# WHAT IS NEEDED
Transcribe the listing that follows in full, omitting pictures.
START DATASET EXCERPT
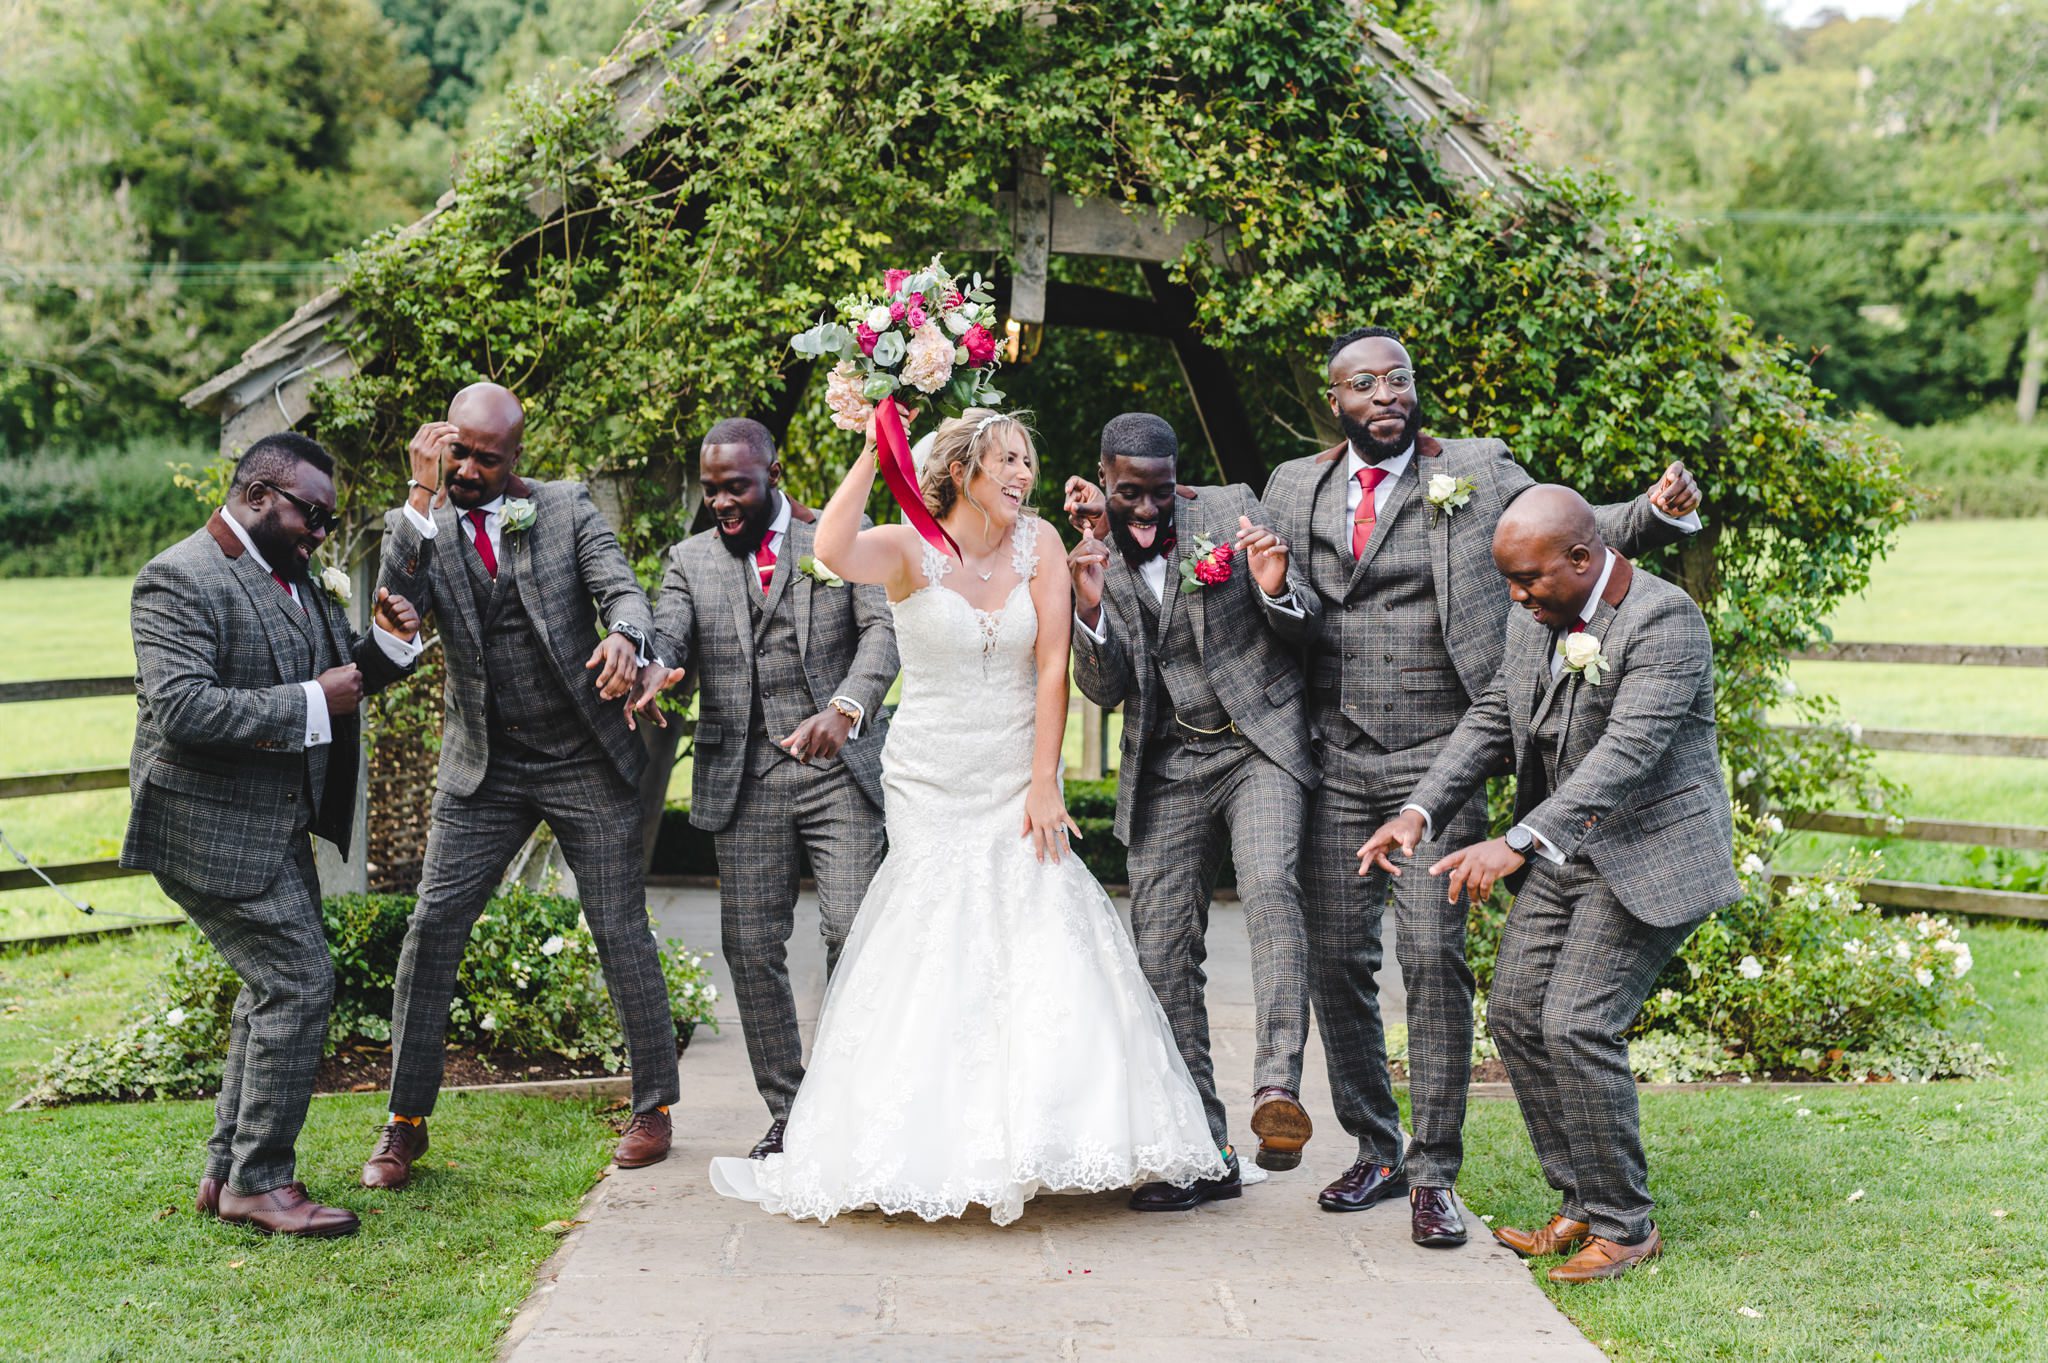 Bride and groomsmen dancing during group pictures
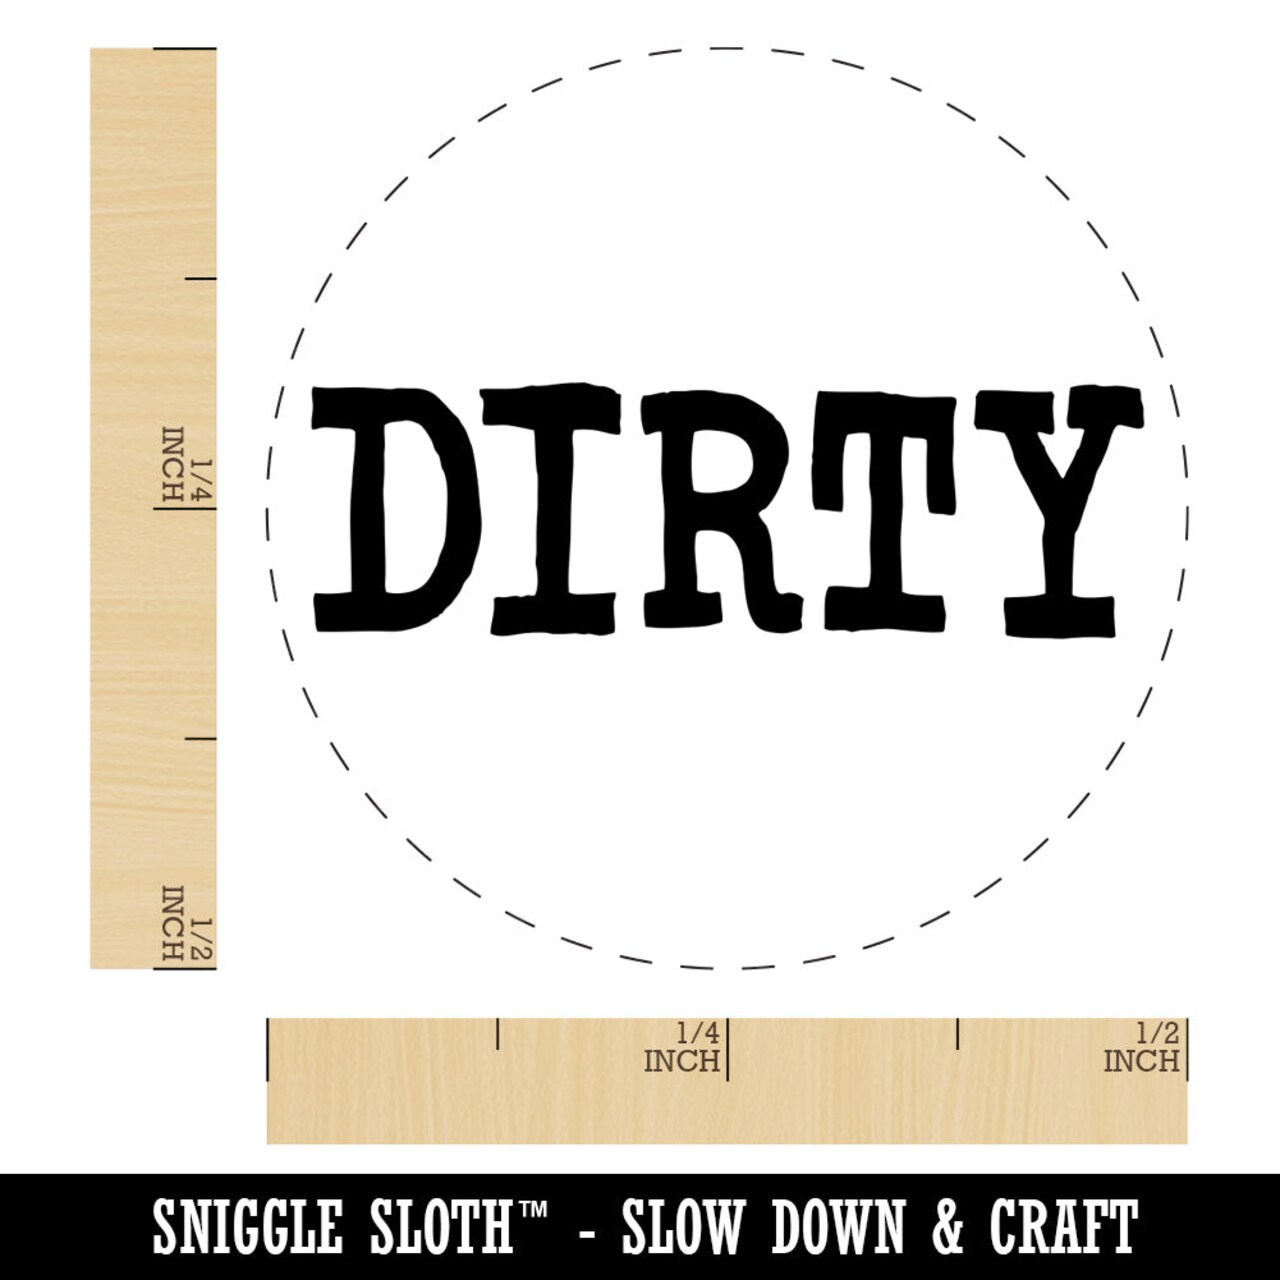 Dirty Fun Text Self-Inking Rubber Stamp for Stamping Crafting Planners
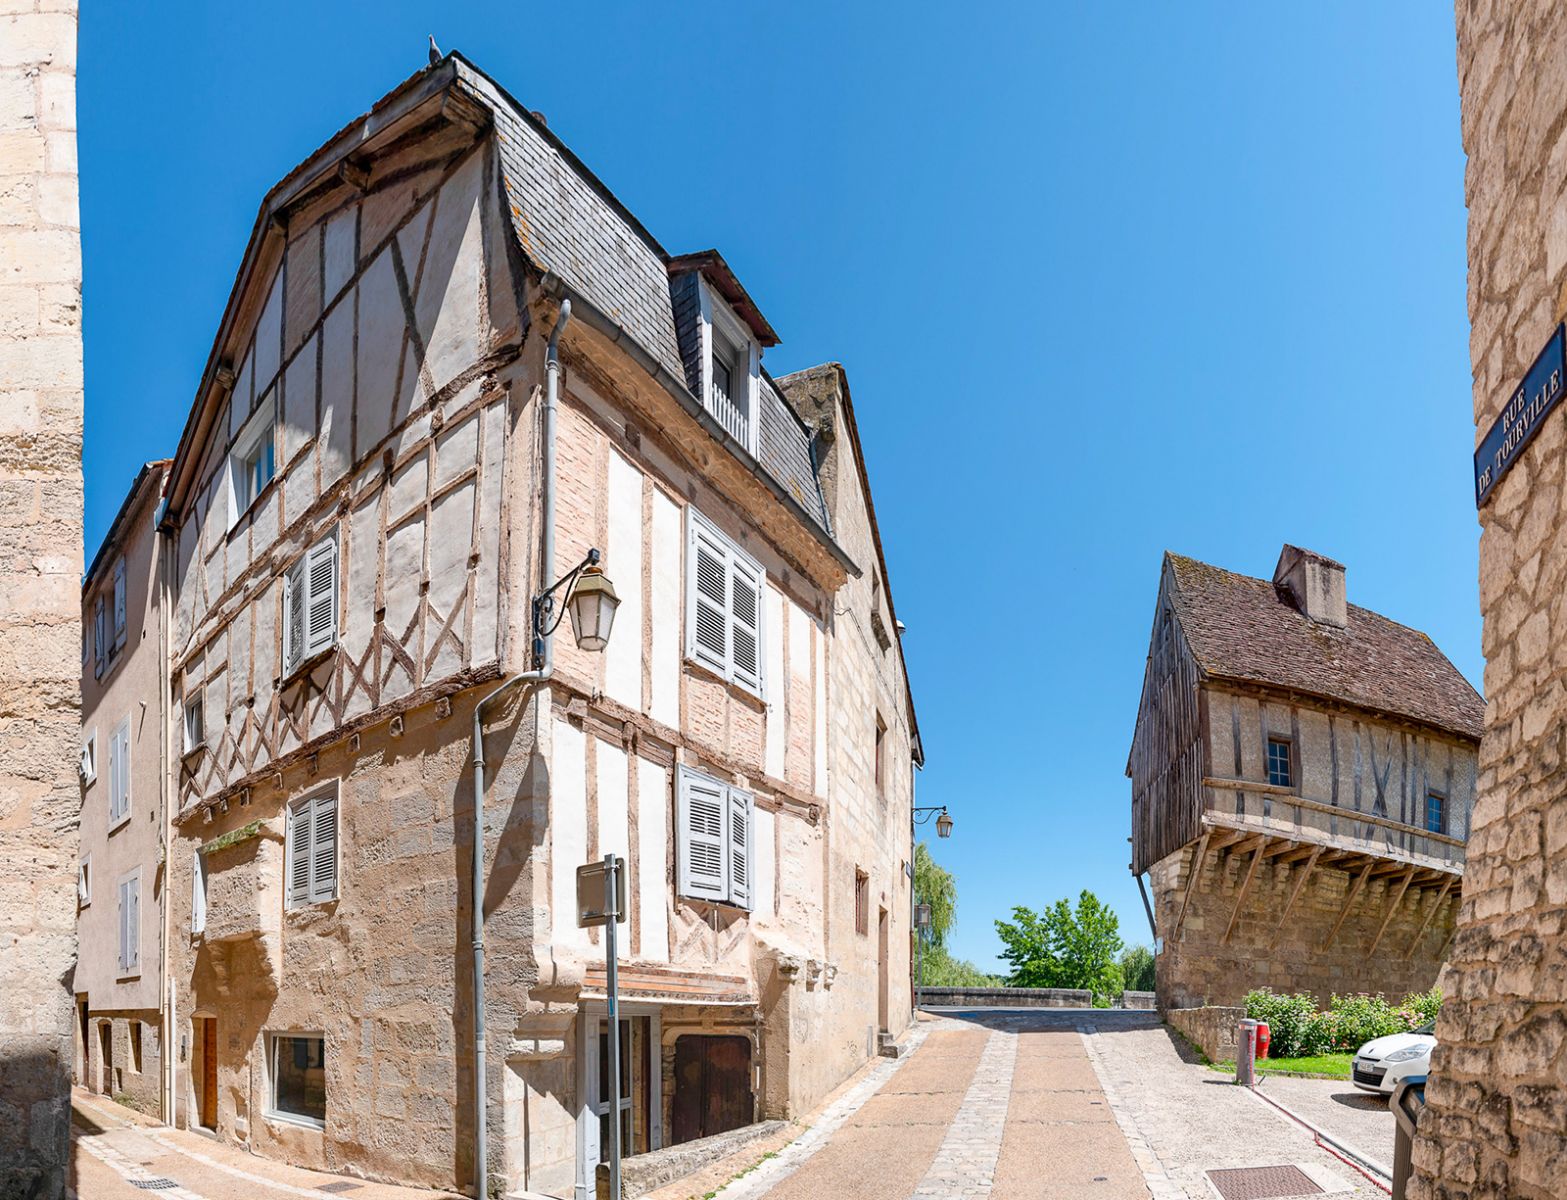 The apartments of the Échafaud
END DATASET EXCERPT
# FINISHED TASK
 Bride and groomsmen dancing during group pictures
 Dirty Fun Text Self-Inking Rubber Stamp for Stamping Crafting Planners
 The apartments of the Échafaud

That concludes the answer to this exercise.